Beltane Encounters with the Otherworld

The energy of the ritual still hung in the air, shimmering in the light of the Beltane full moon. I was alone in the garden, tidying up the lanterns and getting ready to put the fire to bed. As I walked down the garden steps, my offering of milk and honey in my hands, I made my way across the lawn to where the altar and offering place lay beneath the canopy of an old beech, its leaves just beginning to bud. I said a quick prayer as I entered that sacred space, with nine small stones delineating the boundary of this “faerie circle”, a minilithic stone circle that I built last year.

As I walked into the circle, I felt the air thick with the magic of the evening. I knew something was about to happen. I laid the food and drink upon the altar, and gave my thanks to the spirits of place, and to the Good Folk. No sooner had the words left my mouth, than a rustling in the hedge all around me began, as if some strange wind was shaking just the coniferous boundary of my garden, or a small army of badgers were all coming through the little holes in the hedge at the same time. My heart pounded in my chest as the moon shone through the branches of the beech above me. Frozen in place, excited and both frightened to see what happened next, I tried to see into the darkness of the hedge, shadowed from the moon’s light, but I could perceive nothing but the inky blackness.

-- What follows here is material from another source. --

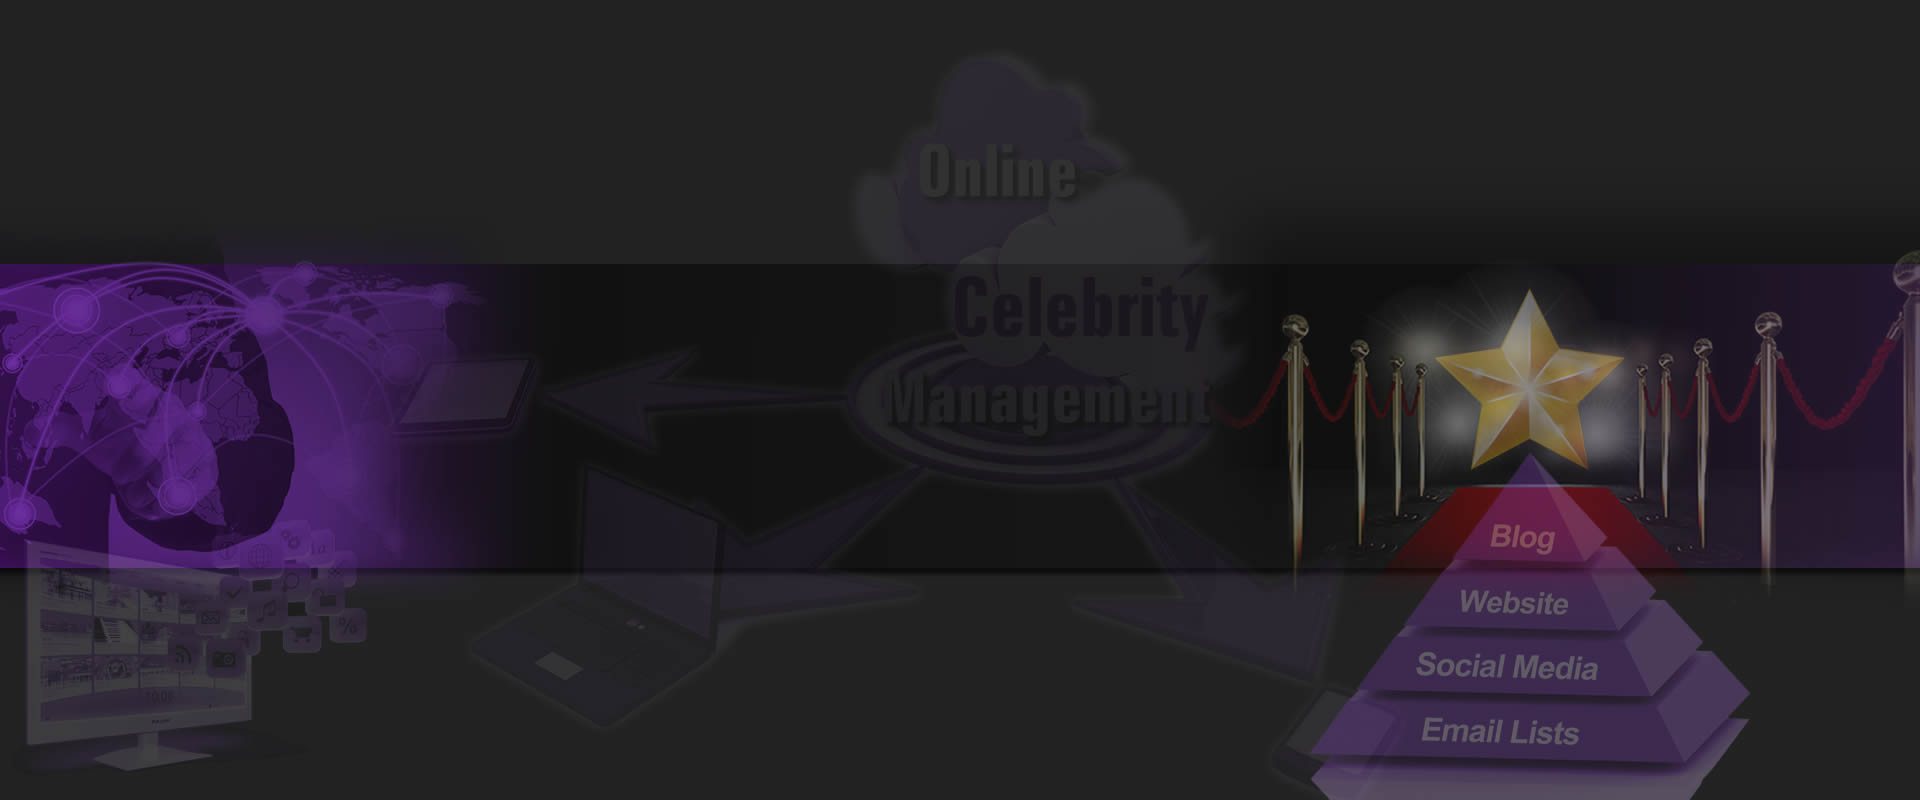 Online Celebrity Management

The rustling all around me stopped, and I found I was able to move. I knew that something had come through the hole in the hedge, but I could not see it. Slowly I walked towards the firepit, hoping to see what had come through by the light of the fire. I cautiously approached the dying flames, and peered into the shadows about ten feet away. I could see very little, but I felt a presence, someone – male – standing by the birdfeeder and the hole in the hedge, standing shoulder-height to me, dressed in shades of brown. Suddenly, even as I looked and felt his presence, he moved without a sound like a dark shadow in the blink of an eye back into the hedge, and there from the depths of the green and black two eyes shone a whitish/green, reflecting the light of the fire. Whatever that being was, he had changed into the form of a badger in the blink of an eye, to watch me from the depths of the back hedgerow.

“Beltane blessings,” I murmured. Unsure of what to do next and still very much afraid and alone, I curtseyed and then covered the firepit with its iron mesh guard, walking back slowly towards the house. I had wanted to ask for his friendship, and for that of all the Good Folk, but my courage failed me on that night of the full moon, as the powers of Beltane and the Otherwold flowed through the land.

I only hope that he will return, and soon.